Optimiser le Recordsize ZFS

Si vous explorez l’univers de ZFS, vous avez probablement passé des heures à débattre des niveaux de RAIDZ ou de la taille de la RAM. Mais il existe un réglage qui passe souvent inaperçu, alors qu’il a plus d’impact sur vos IOPS que n’importe quel autre : Le Recordsize.

Que vous gériez un cluster Proxmox, un serveur Plex ou une base de données haute performance, utiliser un mauvais recordsize, c’est comme conduire une Ferrari en première vitesse.

Qu’est-ce que le Recordsize ZFS ?

Le recordsize est la taille maximale des blocs de données que ZFS écrit sur votre pool. Par défaut, ZFS utilise 128K.

ZFS est un système de fichiers à taille de bloc variable. Si vous écrivez un fichier de 4K, il n’occupera que 4K sur le disque. Cependant, si vous écrivez un fichier de 1 Mo, ZFS le découpera en morceaux de 128K (par défaut).

Pourquoi est-ce crucial ?

  • Petit recordsize (ex: 4K ou 16K) : Idéal pour les bases de données (MySQL, PostgreSQL) car cela correspond à leur manière de communiquer avec le disque. Cela évite l'”Amplification d’Écriture”.

  • Grand recordsize (ex: 1M) : Incroyable pour les fichiers multimédias ou les sauvegardes. Cela augmente le débit (throughput) et améliore les ratios de compression.

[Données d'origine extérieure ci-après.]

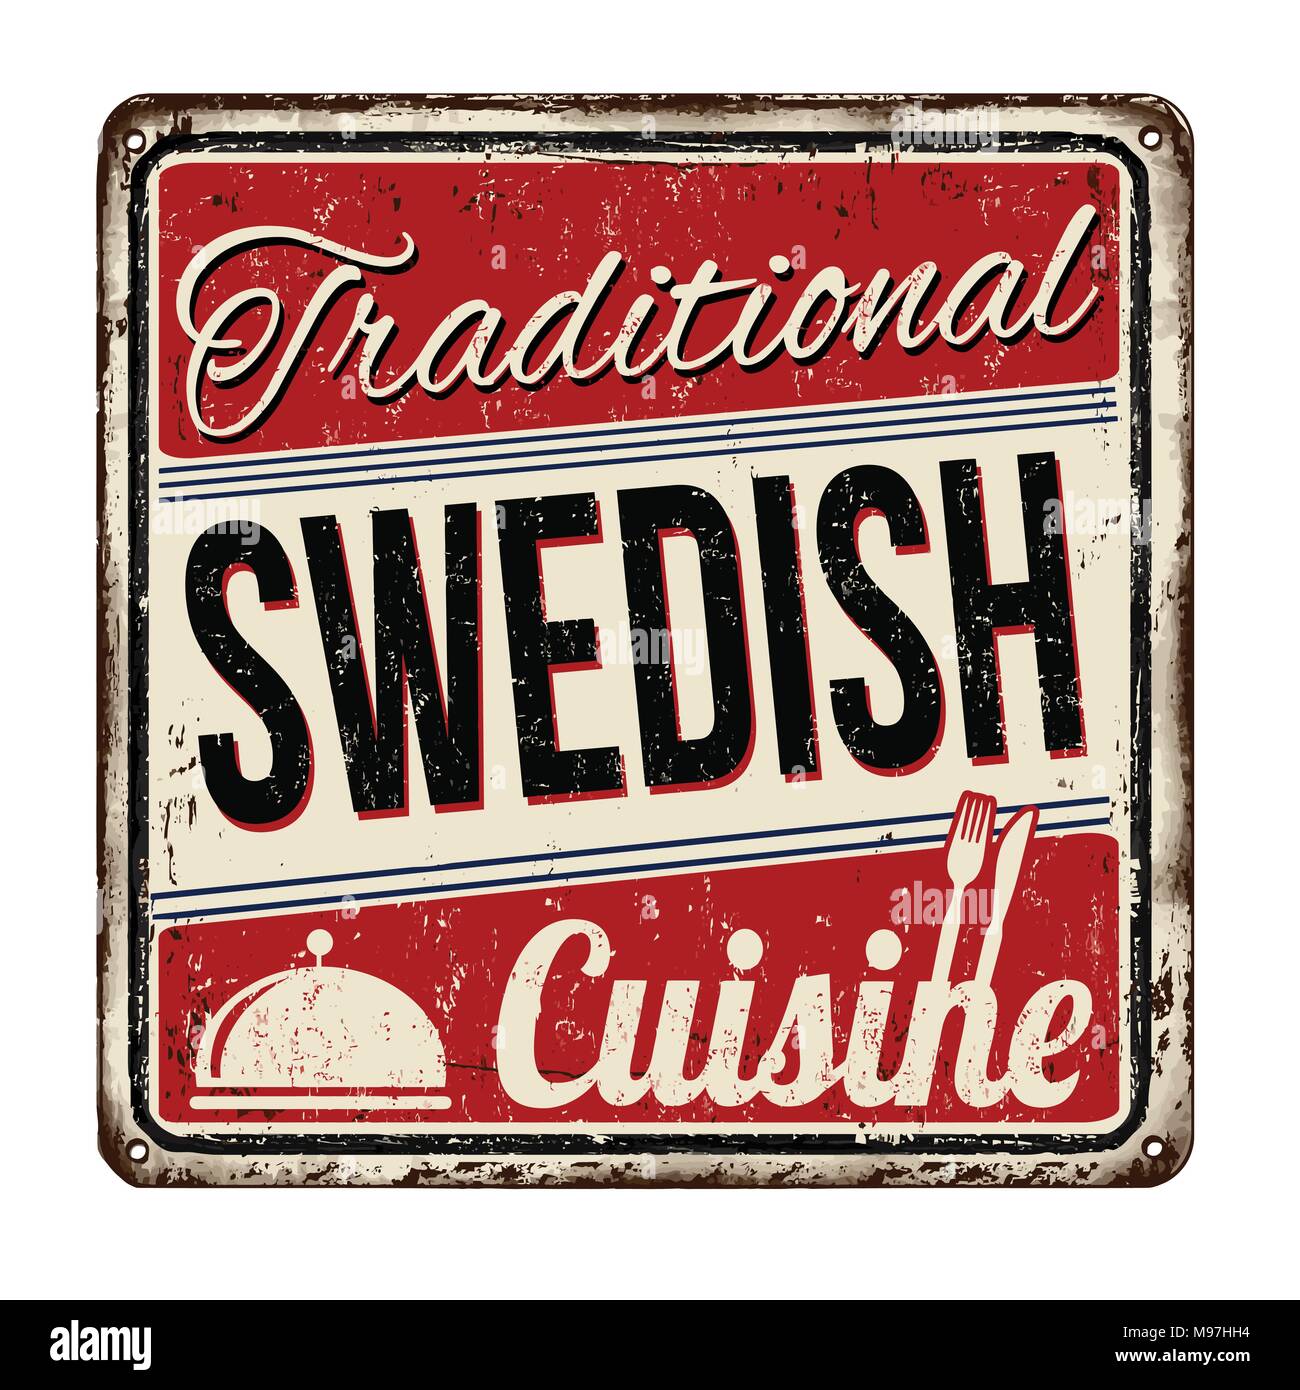 Traditionelle schwedische Küche vintage rostiges Metall Zeichen auf weißem Hintergrund, Vector Illustration Stock Vektor

Le piège Proxmox et des VM

Si vous faites tourner des machines virtuelles sur ZFS, vous souffrez peut-être d’une pénalité de performance sans le savoir. Les images disques de VM (zvols) utilisent souvent un volblocksize de 8K par défaut.

Si votre pool ZFS est optimisé pour 128K, chaque fois que votre VM modifie un petit morceau de donnée de 8K, ZFS doit effectuer un cycle de lecture-modification-écriture plus lourd que nécessaire. Cela génère de la latence et des “iowait”.

La règle d’or pour les VM : Alignez votre volblocksize sur la taille de cluster du système de fichiers interne de votre VM. Pour la plupart des VM Linux, 16K ou 64K est souvent le compromis idéal.

Comment tester vos performances (La méthode scientifique)

Ne devinez pas : testez. Pour vérifier si votre recordsize est optimal, utilisez FIO (Flexible I/O Tester). Voici une commande pour tester les écritures aléatoires :

Bash

fio --name=random-write --ioengine=libaio --rw=randwrite --bs=4k --size=2G --numjobs=1 --iodepth=64 --runtime=60 --time_based --output-format=json --filename=/votre/chemin/zfs/testfile

 

Une fois le test terminé, copiez le JSON et collez-le dans notre FIO Results Viewer pour analyser vos IOPS et votre latence p99.

Verdict : Quelle taille choisir ?

  1. Torrents & Médias volumineux : Optez pour 1M. Cela réduit la charge des métadonnées et accélère vos “scrubs”.

  2. Partage de fichiers général : Gardez le défaut de 128K.

  3. Bases de données : Alignez sur la taille de page (généralement 16K).

  4. Virtualisation (Proxmox/KVM) : Utilisez 16K ou 64K.

🔬 Analyse Avancée : Le coût des métadonnées et de l’Ashift

Pour aller plus loin, il faut considérer la valeur Ashift (taille de bloc physique de vos disques). La plupart des disques modernes utilisent des secteurs de 4K natifs (ashift=12).

Si vous réglez un recordsize trop petit (comme 4K) sur un pool RAIDZ large, vous risquez une inefficacité d’espace massive. Comme ZFS doit stocker la parité pour chaque enregistrement, la parité peut finir par occuper autant de place que la donnée elle-même !

Conseil pour les utilisateurs de NVMe : Sur des SSD NVMe performants, n’hésitez pas à tester un recordsize=16K pour vos disques système. L’absence de temps de recherche (seek time) permet à ZFS de gérer de petits records sans perte de performance sensible, tout en prolongeant la durée de vie de vos cellules SSD.